2.2 Acquisitioning long-term crab statistical records

The crab population has been counted once a year in the early rainy season since 1997 by the park rangers. All carb holes are counted and the counted holes are marked with colored bamboo sticks to avoid duplication. This count is assumed that each hole is occupied by one crab.

2.3 Identifying significant vulnerable factors

Upon the in-depth interviews with nine park rangers who have worked at the Dun-Lumpun Non-Hunting Area for 11 to 19 years, six environmental factors were identified to have significant impacts on the crab population. They are 1) human intervention; 2) enemy population; 3) groundwater level; 4) groundwater quality; 5) soil characteristics; and 6) drought. Furthermore, each of the forest officers was asked to rank these six factors. Then, their given scores were averaged, rearranged, and normalized using the 10-based scale—ranging from 1 (the lowest) to 10 (the highest).

2.4 Observations of physical characteristics of the crabs, their behaviors, and habitats

Physical characteristics were assessed from the crabs in the exhibition zone. The measurements and observations dealt with sex, size, weight, and the appearance of eggs on female pleon. In terms of their behavior and habitat, the observations were carried out through several means as described below:
Nighttime observations were conducted using an infrared video recorder (Power Bank Full HD 1920×1080 P model), which captured 5 randomly selected holes in the forest from 7:00 PM to 2:00 AM from 9 April to 24 October 2016.
Daytime observations of 34 crab hiding holes at three studied sites (see Fig. 1) in the forest were conducted once a month from 9 April to 24 October 2016 to determine the hole-closure period, seasonal survival rate, and the dimension of the food-scavenging zone. The longest diameter of the hole and the scavenging zone, the area with less leaf litter (Fig. 2), were measured. The dynamic status of the holes was classified into ‘activated’, ‘abandoned’, and ‘closured’. The active hole was suggested from clean holes with fresh-wet soil balls nearby. The abandoned hole refers to an unoccupied status, probably because that crab is dead already or moved to anywhere else. This hole looks like pretty dirty holes without any fresh-wet soil balls, except a spider net inside the hole. The closured hole is identified as a shallow hole sealed with soil.
Fig. 2 Hole configuration and scavenging zone
Day-to-Night observations of crab behaviors in the exhibition zone were done once a month from 9 April to 24 October 2016 using an infrared video recorder (All-In-One HD IP camera). The exhibition zone is designed for the crabs with imitating natural habitats. It is a 1.0×1.5 m2 acrylic box, containing clay, plastic grass, natural rocks, and groundwater from the well outside the forest. Once every 15 minutes, the number of active crabs was counted for five minutes to study physical responses of the crabs to diurnal change. The crabs’ responses to human (such as tourists) intervention were also remarked from the video recorder.
A field survey was conducted on two transect lines (Fig. 1) with distances of 520.93 m for line A and 418.18 m for line B. Along with the survey, the number of holes (activated, abandoned, and closured) ± 1 meter from the lines were count, and photos of the hole environment were taken to determine proportions of the areas preferably inhabited by the crabs. This survey was done in the daytime on 14−15 August 2016. The results were also used to justify crab population density.
Interviews with the park rangers regarding crab spatial distribution started after the completion of the regular annual crab population survey in August 2016. All park rangers were asked to indicate densely crab populated areas on a grid map.
Measurements of the meteorological condition under the forest canopy were conducted from 9 April to 23 October 2016 using humidity, barometric pressure, temperature, and vapor pressure sensor (VP-4) with EM50 data logger from Decagon Devices, Inc. The sensor was installed at 1.60 m above the ground at Site 2. Furthermore, daily rainfall information was acquired from the Dun Lumpun Non-Hunting Area Rain gauge station, which has data available since January 2002.

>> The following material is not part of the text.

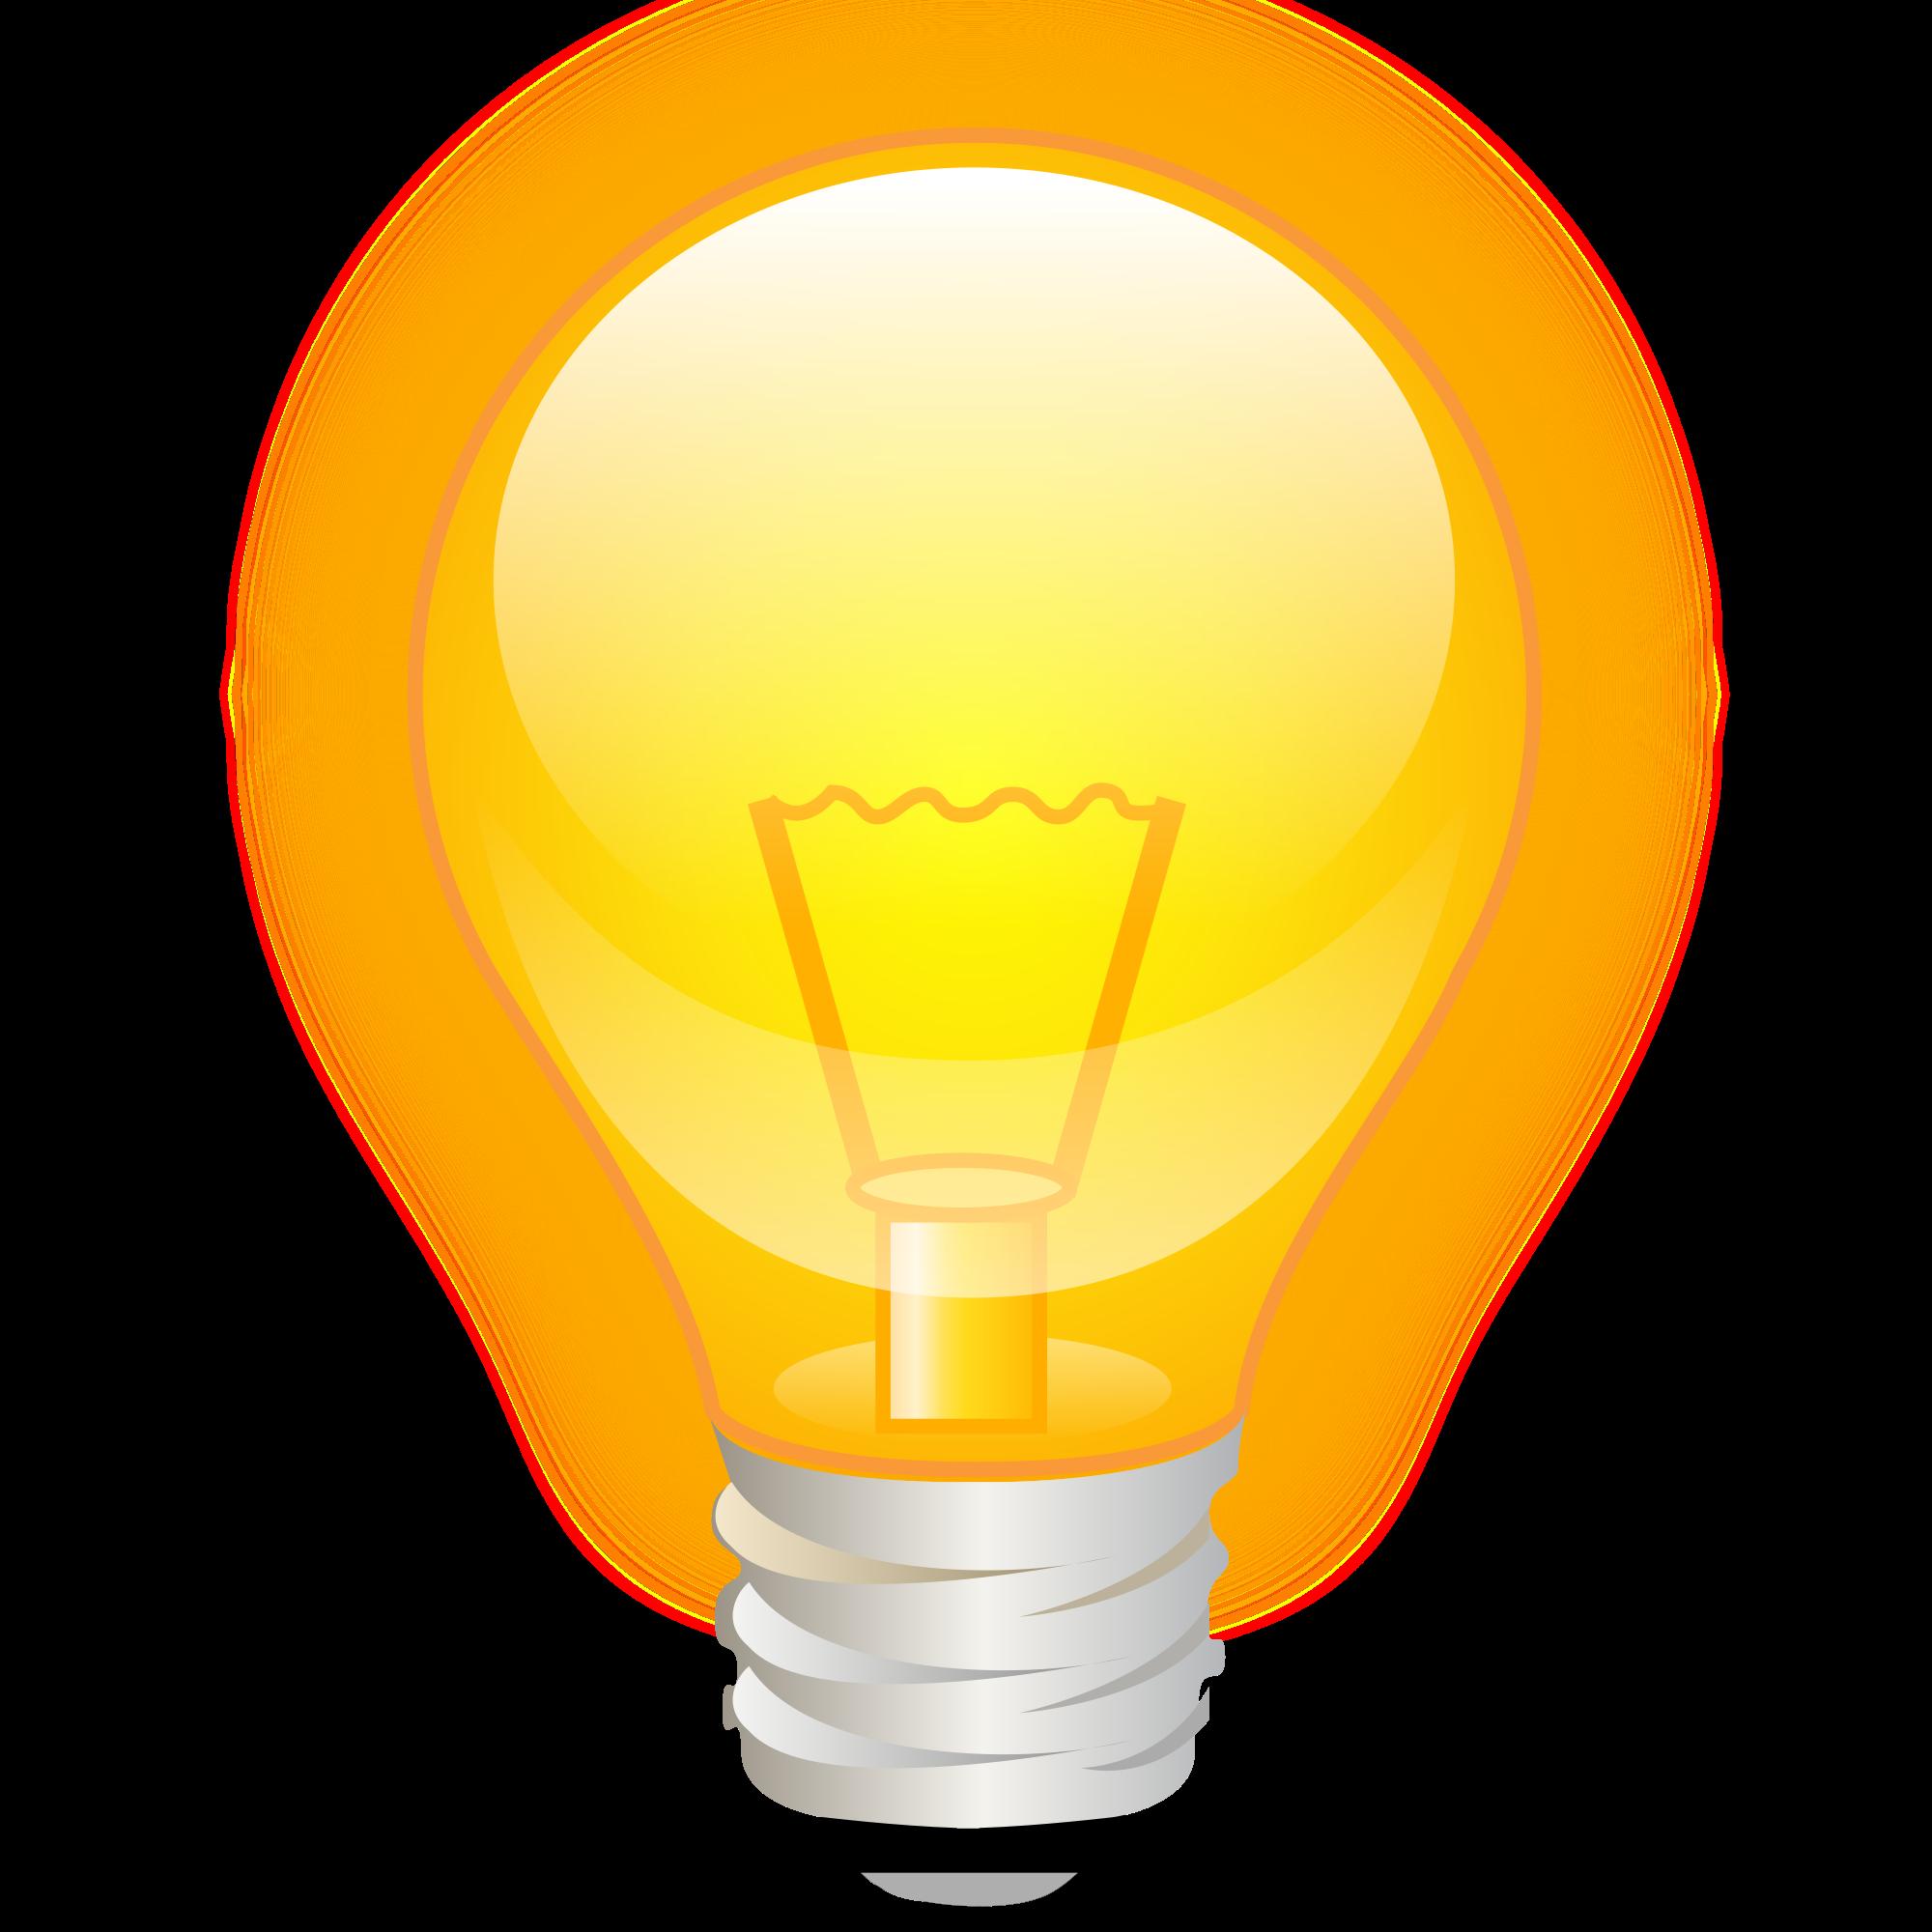 PNG HD Light Bulb - 131087

2.5 Groundwater quantity and quality

Groundwater depth was measured at five locations (Fig. 1). Wells 1−4 each consisted of dual wells with 2-and 5-m depths. Well 5 has an undefined depth with a large open area of 0.8 m in diameter. In this study, groundwater level from well 5 was compared with those reported in the work of Mahasarakham University (1997). For wells 1−4, groundwater depths were measured once a month from 14 July to 23 October 2016. This measurement was incompatible timeframe with those reported in Mahasarakham University (1997), measuring the groundwater depth from April to May 1997. The results obtained from wells 1-4, therefore, were only used to explain the spatial distribution of the crab population in 2016 in response to the groundwater depth. Groundwater quality was solely measured in well 5, which is pH using digital pH meter (PH-8685 AZ Instrument) and conductivity using digital EC meter (Aquapro AP2 HM Digital). The results were compared with the groundwater quality obtained by Mahasarakham University (1997) and then its temporal changes were discussed.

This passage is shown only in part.